Polygenicity spurs new experimental designs

Past studies in human disease genetics relied on family data, whereas the current focus is on populations (e.g., GWAS). However, the distinction is artificial since populations consist of individuals that are related to each in some way, either with recent or more distant common ancestors. Combining the power of population genomics studies with the naturally occurring controls that pedigree studies offer, can address the degree of heritable vs. environmental impacts on phenotype (nature-nurture) with new designs, when previously environment and genetic effects were difficult to disentangle. For example, GWAS data on families were used to separate a direct (causal) genetic effect from an indirect genetic effect that reflects the parental “nurturing” environment (28). We anticipate that such designs are important for understanding common diseases and their risk factors, especially those with a behavioral component. The availability of tens of thousands of GWAS-associated SNPs offers opportunities to answer scientific questions about natural selection, human behavior and causality. For example, as the predictive accuracy of polygenic scores increase, we can now quantify the flux of trait-associated alleles between geographical areas and thereby elucidate some of the correlates of population migration (29, 30). More widely, there is a growing trend to embed genomics into social sciences research (31), requiring careful consideration of the implications and applications of such studies (32).
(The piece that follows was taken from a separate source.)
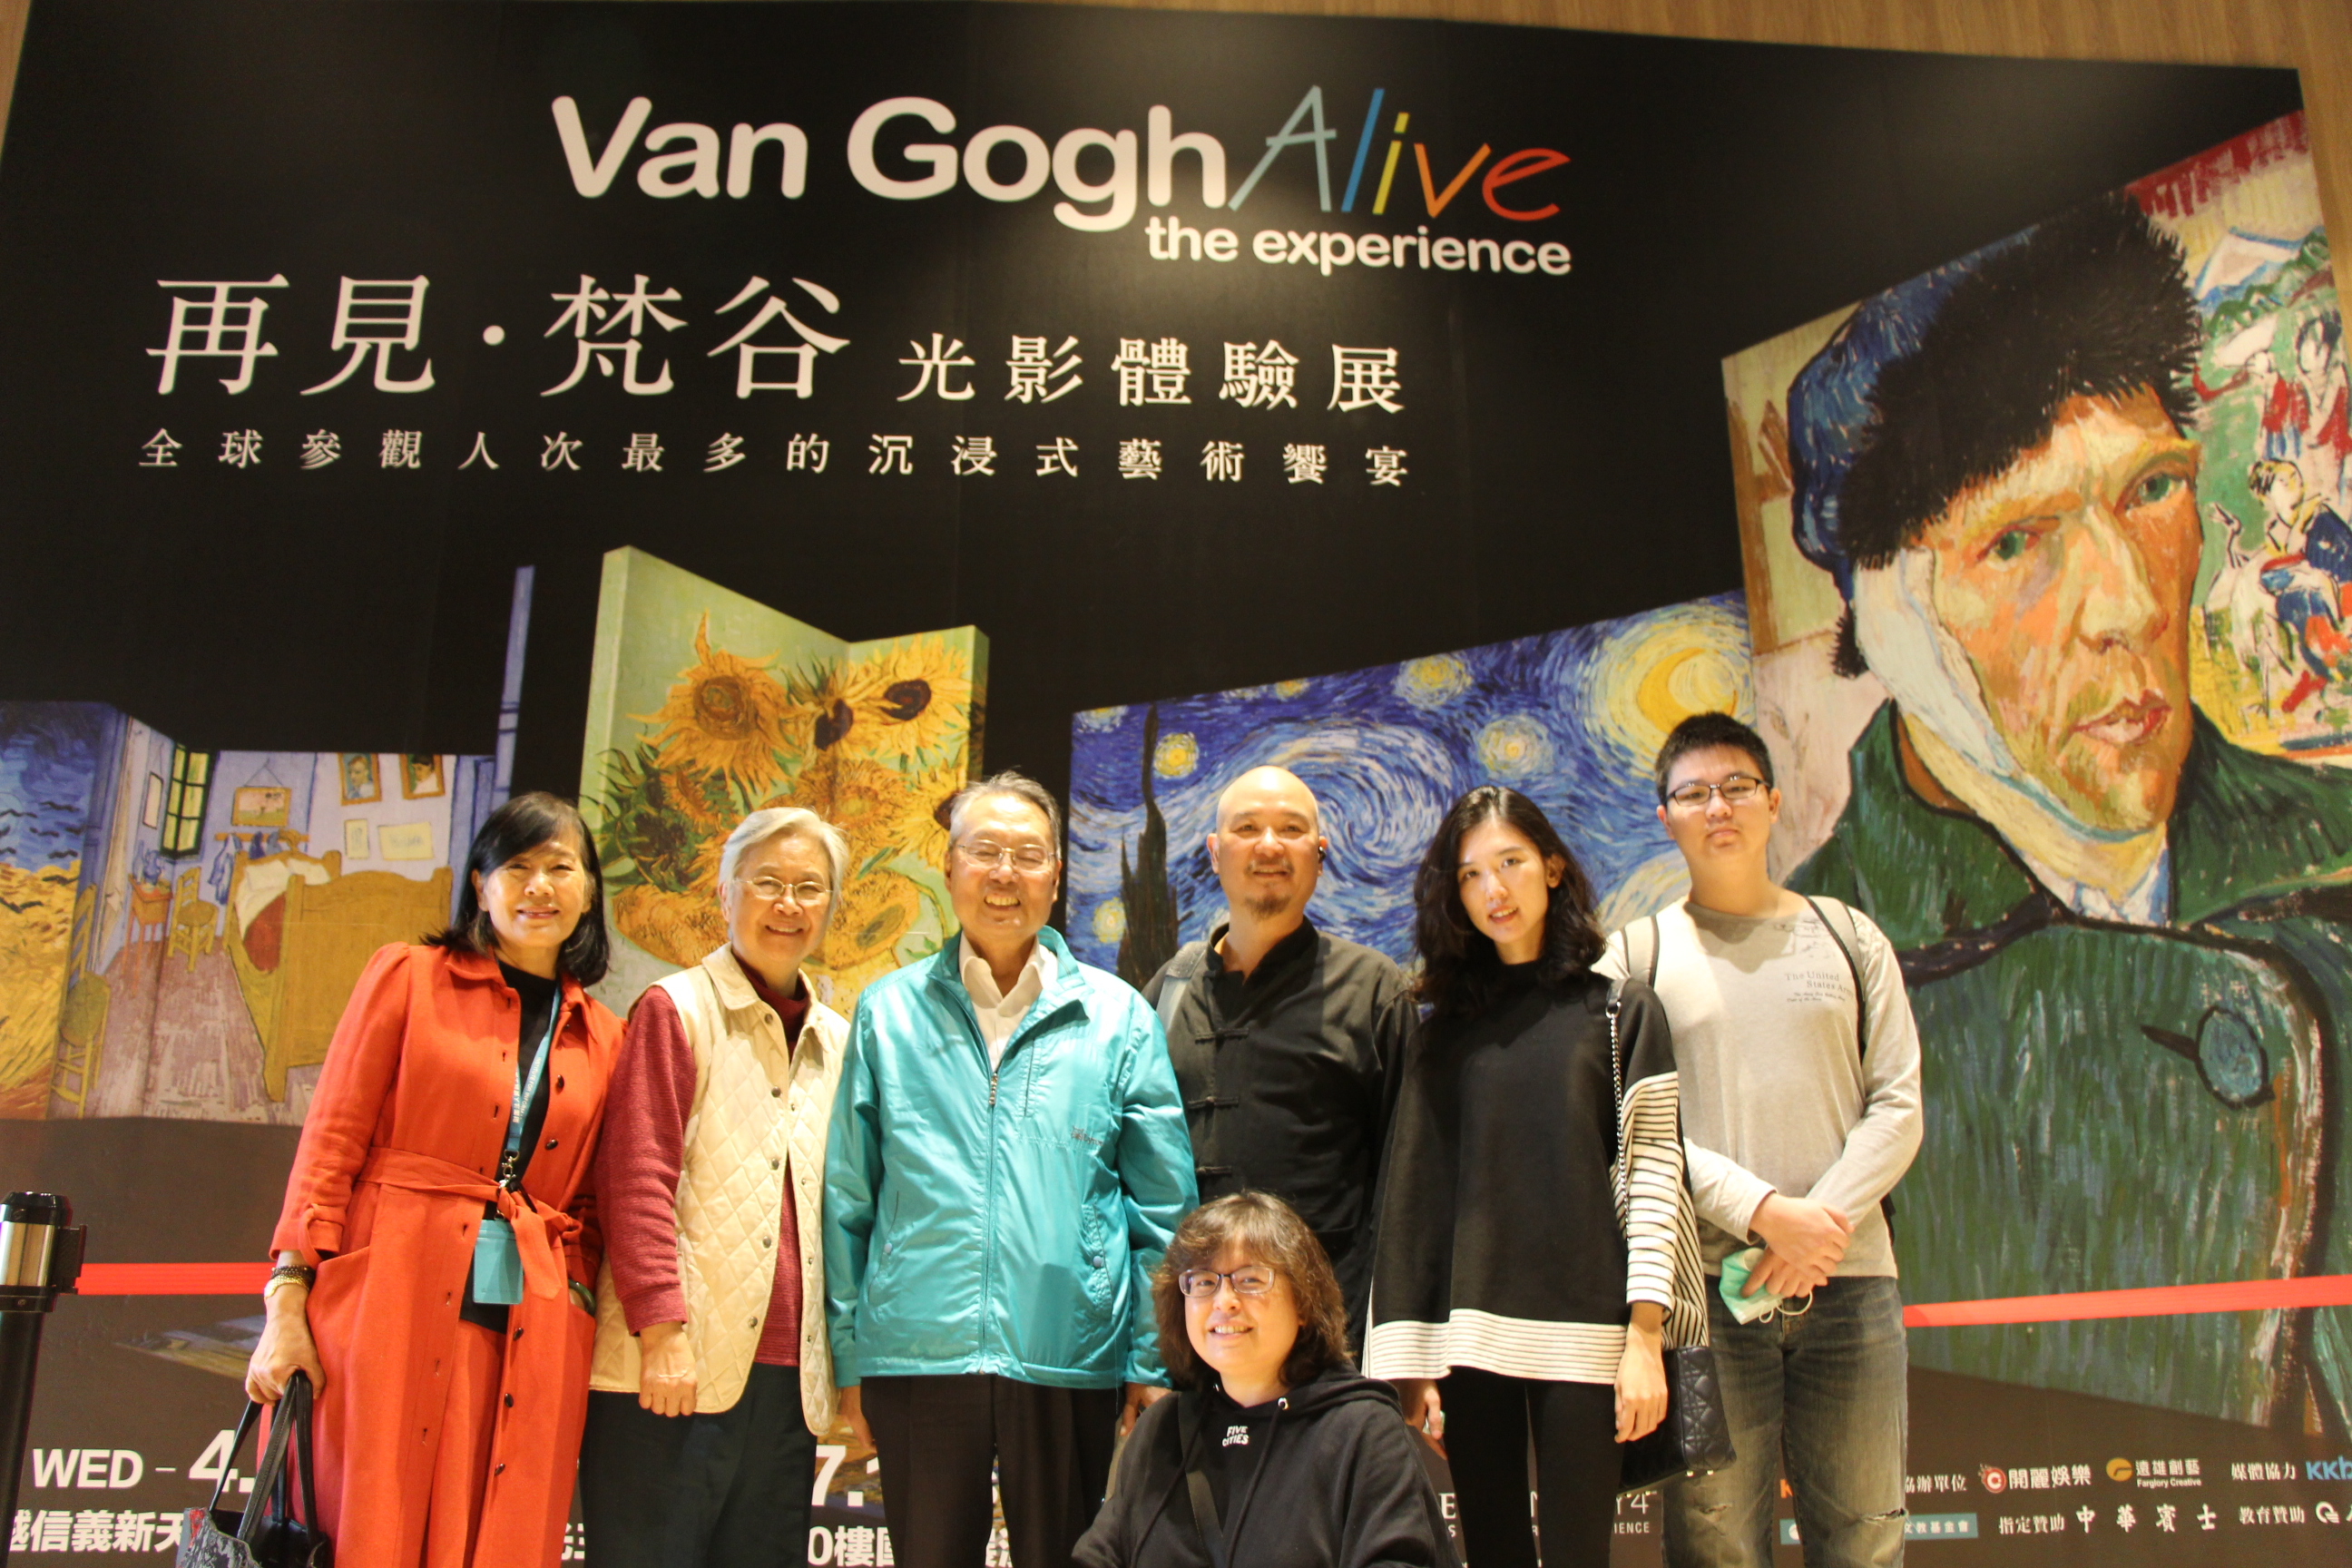 “Van Gogh Alive Exhibit” is super eye-catching. Taiwan’s first stand in Taipei! Chairperson of the Alliance leads the team to visit the exhibition.
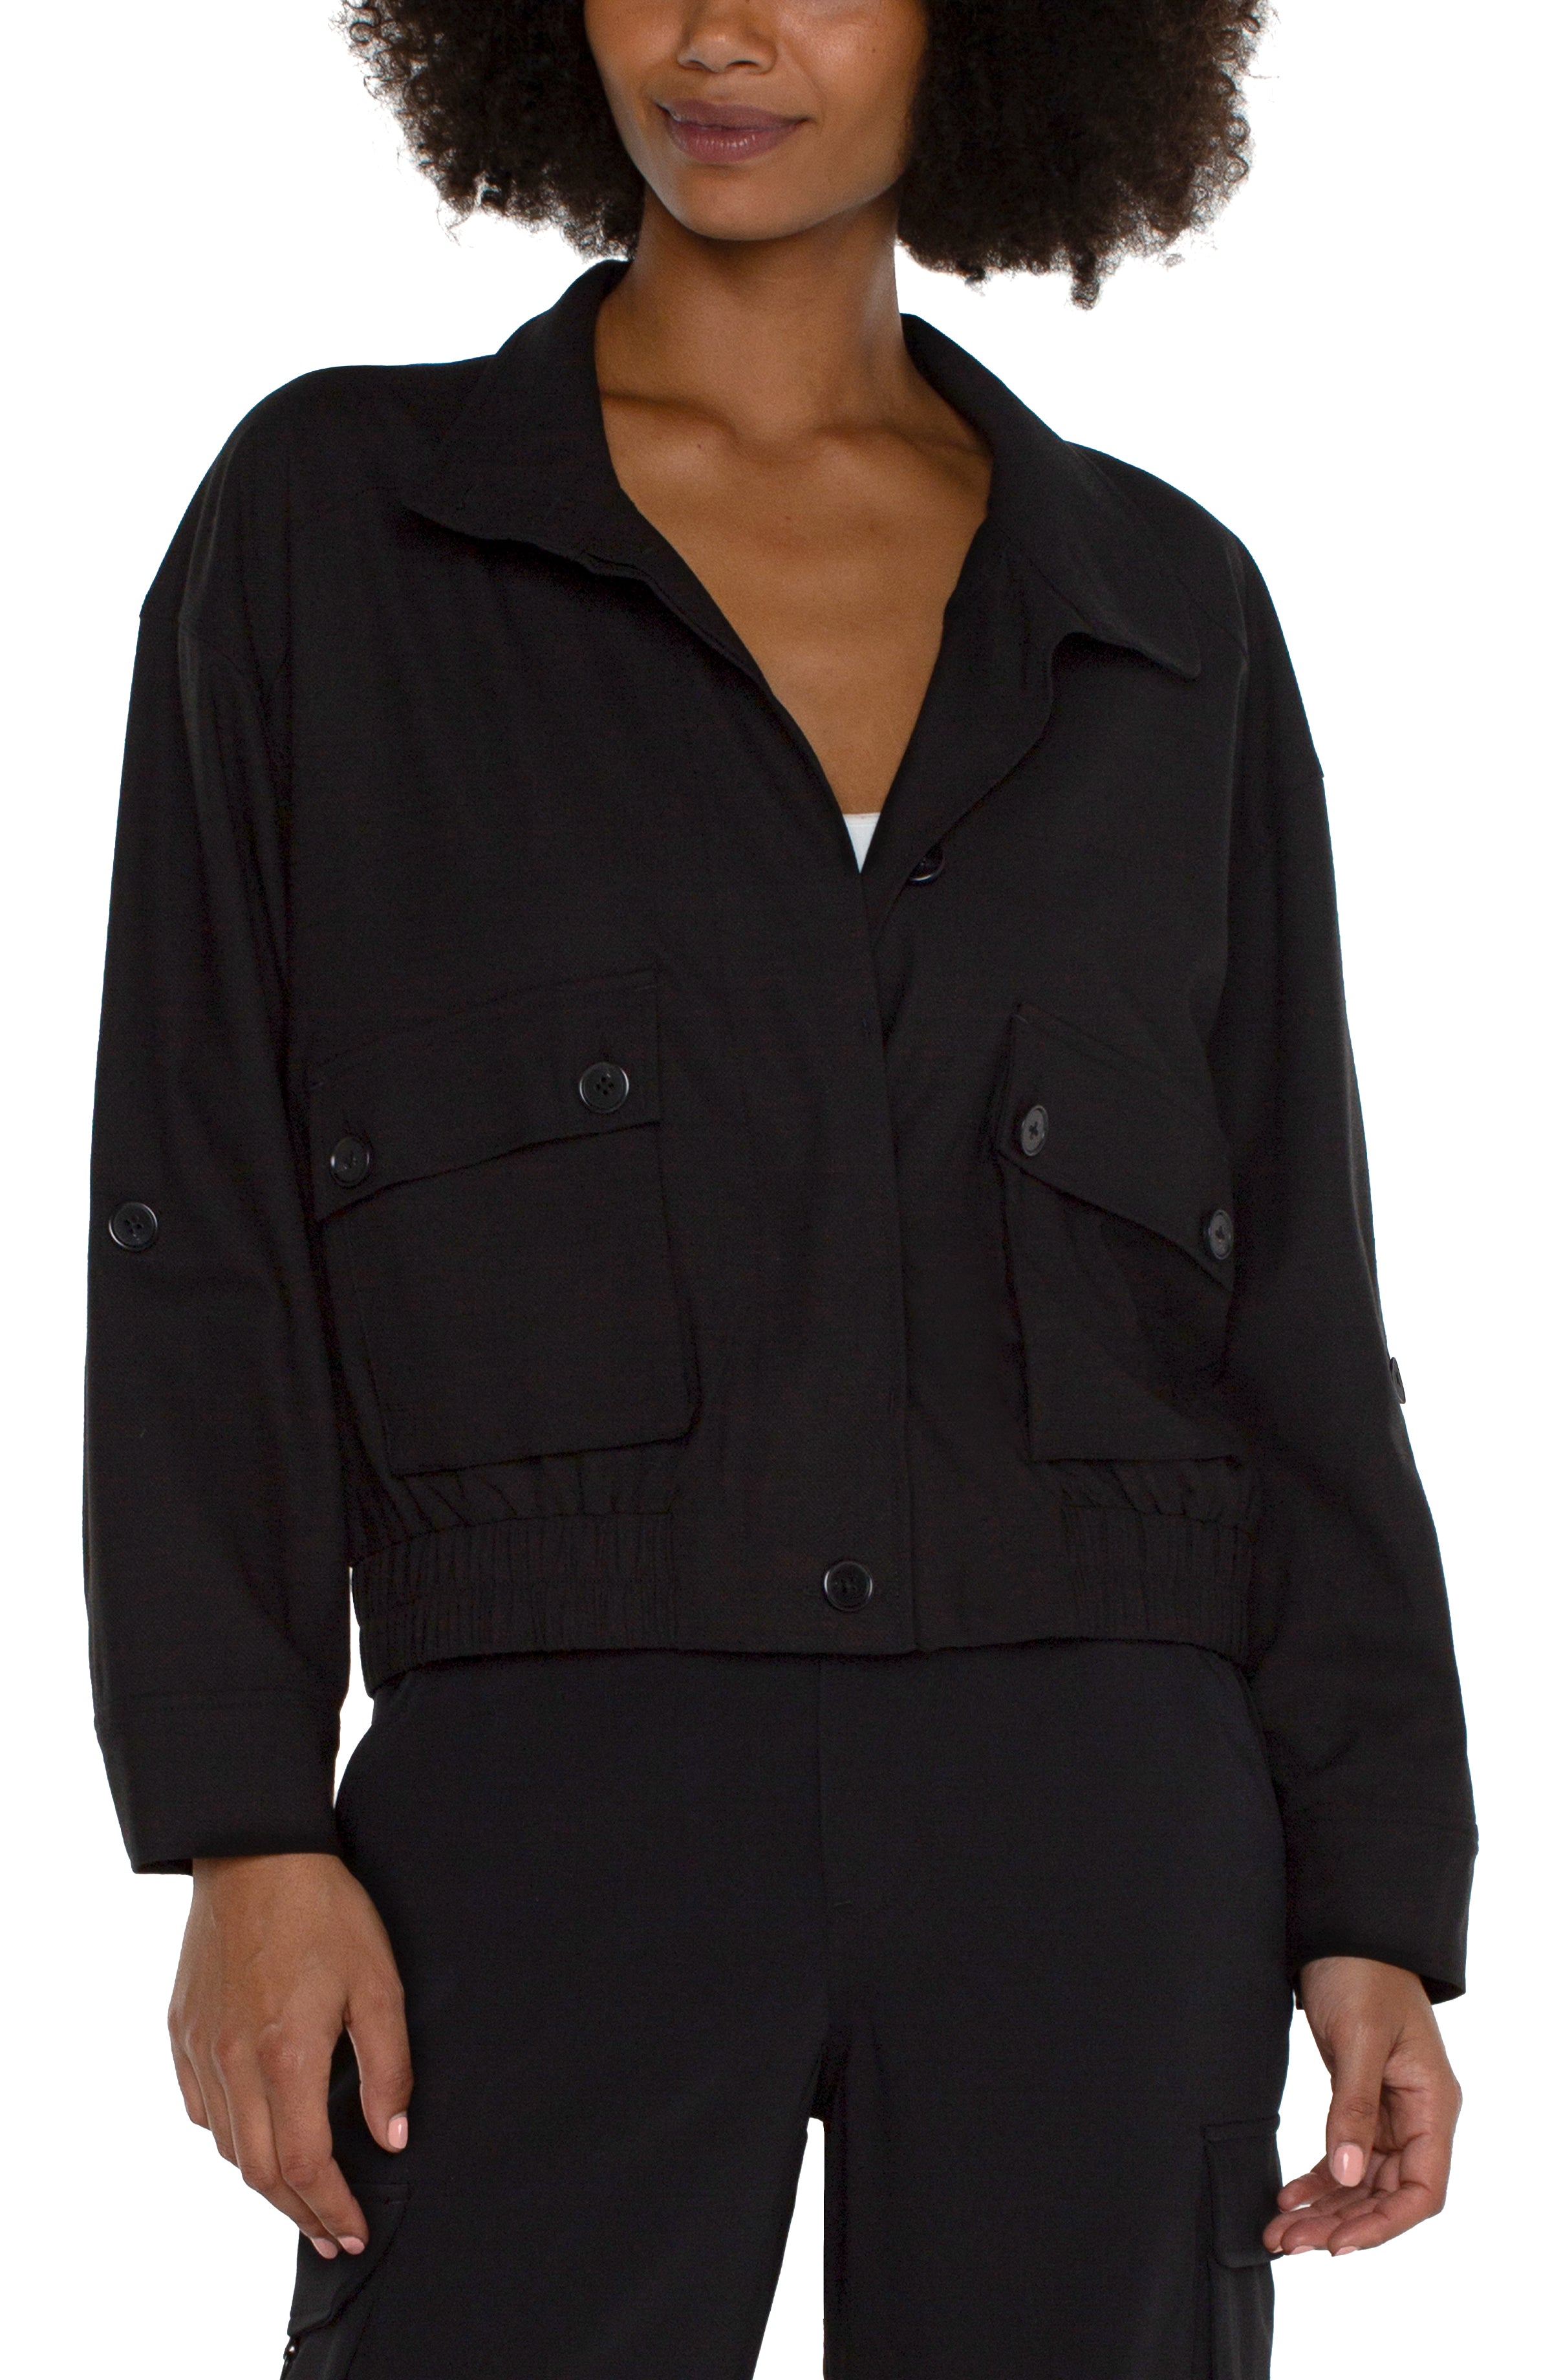 Liverpool Utility Jacket with Cinch Hem - Black Front View

Another exciting new experimental design facilitated by GWAS discoveries is Mendelian Randomization, which attempt to mimic a randomized control trial by using SNPs that are associated with an modifiable risk factor (e.g., body-mass index) to quantify its causal effect on disease risk (e.g., type 2 diabetes) (33). Testing for putative causality between exposure and disease is important in epidemiology and public health because it leads to evidence-based policy interventions and health advice. Mendelian randomization is a cost-effective way to prioritize hypotheses that could then be addressed by formal but expensive clinical trials, or to provide causal evidence when such trials would be unethical. More generally, the widespread availability of GWAS summary statistics for diseases and other complex traits, including molecular omics phenotypes, has led to new powerful analysis paradigms by mimicking experiments where all traits would be measured on all individuals, yet without the necessity of individual-level data (34).

Association studies to date have mostly relied on SNP-chip technology combined with statistical imputation using a sequenced reference panel. While successful for populations of European ancestry, they have been less so for other less sampled populations (35); likely because of differences in allele frequencies and linkage disequilibrium (LD) patterns between human populations (35). Large biobank-style studies across multiple ancestries are needed to understand human gene-disease associations within and between populations and improve polygenic predictors across ancestries.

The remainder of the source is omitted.